Given the data, I wouldn’t necessarily expect any additional durable population growth. We seem to have reached an equilibrium between the 1500 and 1600 mark and baring any broad change to nation creation rates, I don’t see any reason to project further growth.
 
Given the data, I wouldn’t necessarily expect any additional durable population growth. We seem to have reached an equilibrium between the 1500 and 1600 mark and baring any broad change to nation creation rates, I don’t see any reason to project further growth.
I’m not sure if this is right. The reason that I did the linear regression on the time between 7/19 and the present is because I was of a similar perception, that growth would probably stagnate and fall into an equilibrium. But the data we have so far indicates a slow upward trend.

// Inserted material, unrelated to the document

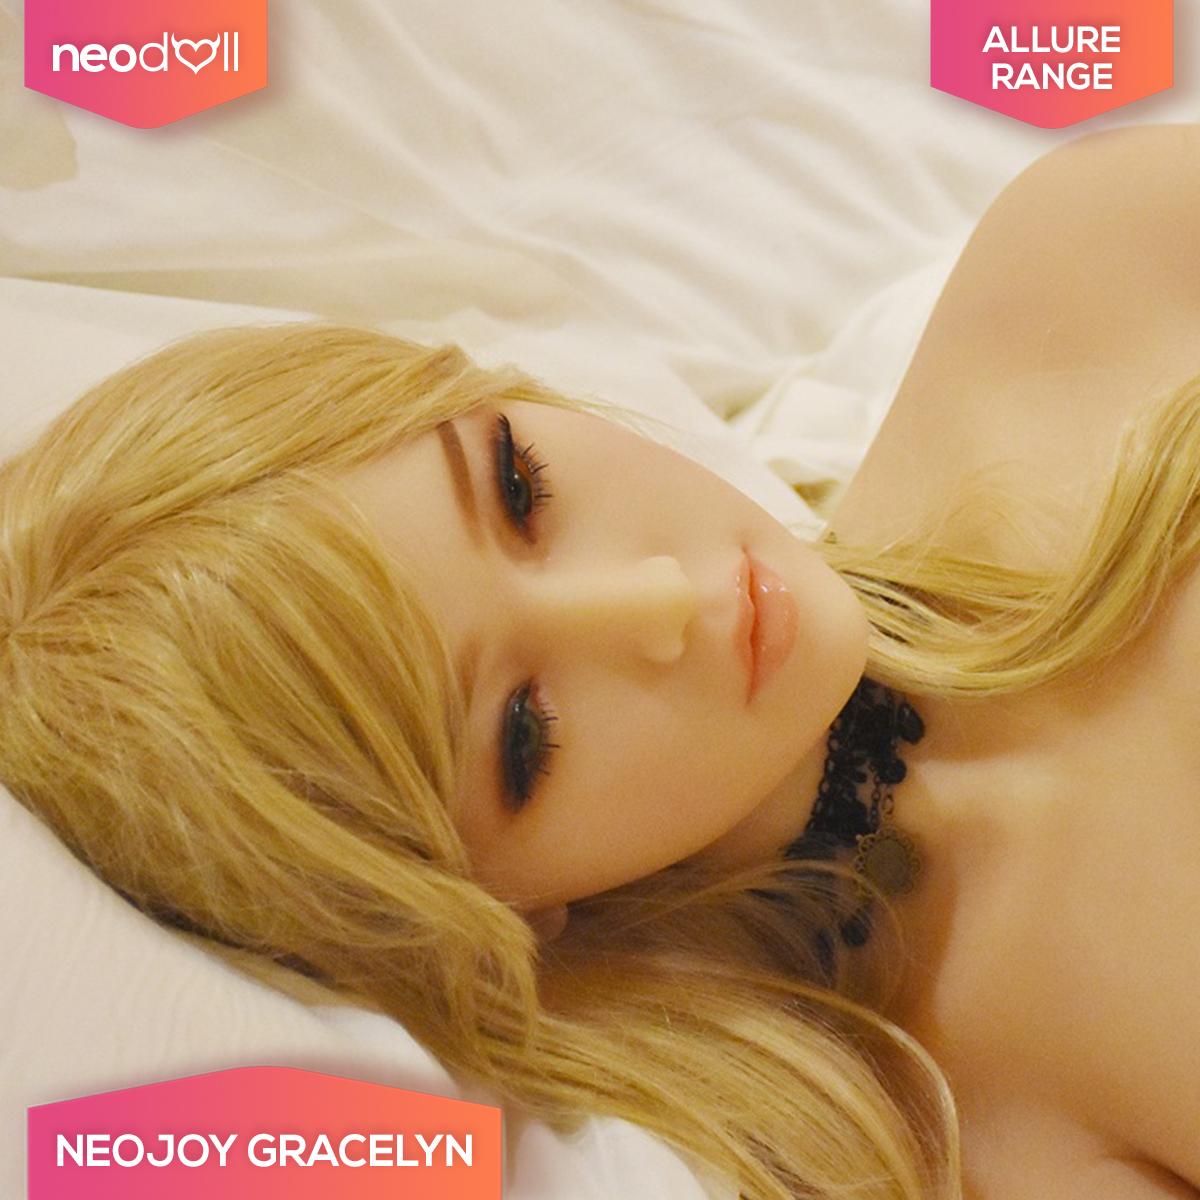 Neodoll Allure Gracelyn - Realistic Sex Doll - 170cm - Natural

Is there some additional statistical analysis I could do to find some kind of margin of error around these growth numbers? Sure. And maybe I will!

I think it’s entirely possible that Frontier has shifted our underlying growth pattern, and will continue to drive a slow increase for years. Clearly, the population boom and subsequent dying-off didn’t behave at all like previous booms, which saw virtually zero nation retention. We’d probably need more data and analysis to understand, but what we have now points to a continuing slow increase.
 
How do you think Delegate endos will follow?
 
How do you think Delegate endos will follow?
Well that’s really up to us lol. As I said, I’m just talking about regional population. It gets more people into the pipeline from resident>WA member>del endorser. But if the rest of that pipeline isn’t flowing, it won’t have much of an impact at all.
 
This is some interesting data.

Though I'll admit I am far more interested in the Frontier transition's impact (or lack thereof) on the WA resident population than the nation count overall. Especially with the rise of puppet-inflated regions, I don't think nation count is as good of a measure of a region's health as it used to be.
 
Unfortunately, without taking into account the recruitment revamp by UPC and/or separating population increase by foundings v. nations moving in, I can't see this being a useful analysis of the impact that becoming a Frontier had on us. If I recall correctly, UPC's bot began being used very close to the time we transitioned.

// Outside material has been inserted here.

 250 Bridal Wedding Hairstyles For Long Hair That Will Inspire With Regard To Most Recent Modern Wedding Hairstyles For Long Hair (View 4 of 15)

Recruitment has too large an impact on region growth to be left out of such an analysis.

Unless I'm missing something?
 
Though I'll admit I am far more interested in the Frontier transition's impact (or lack thereof) on the WA resident population than the nation count overall. Especially with the rise of puppet-inflated regions, I don't think nation count is as good of a measure of a region's health as it used to be.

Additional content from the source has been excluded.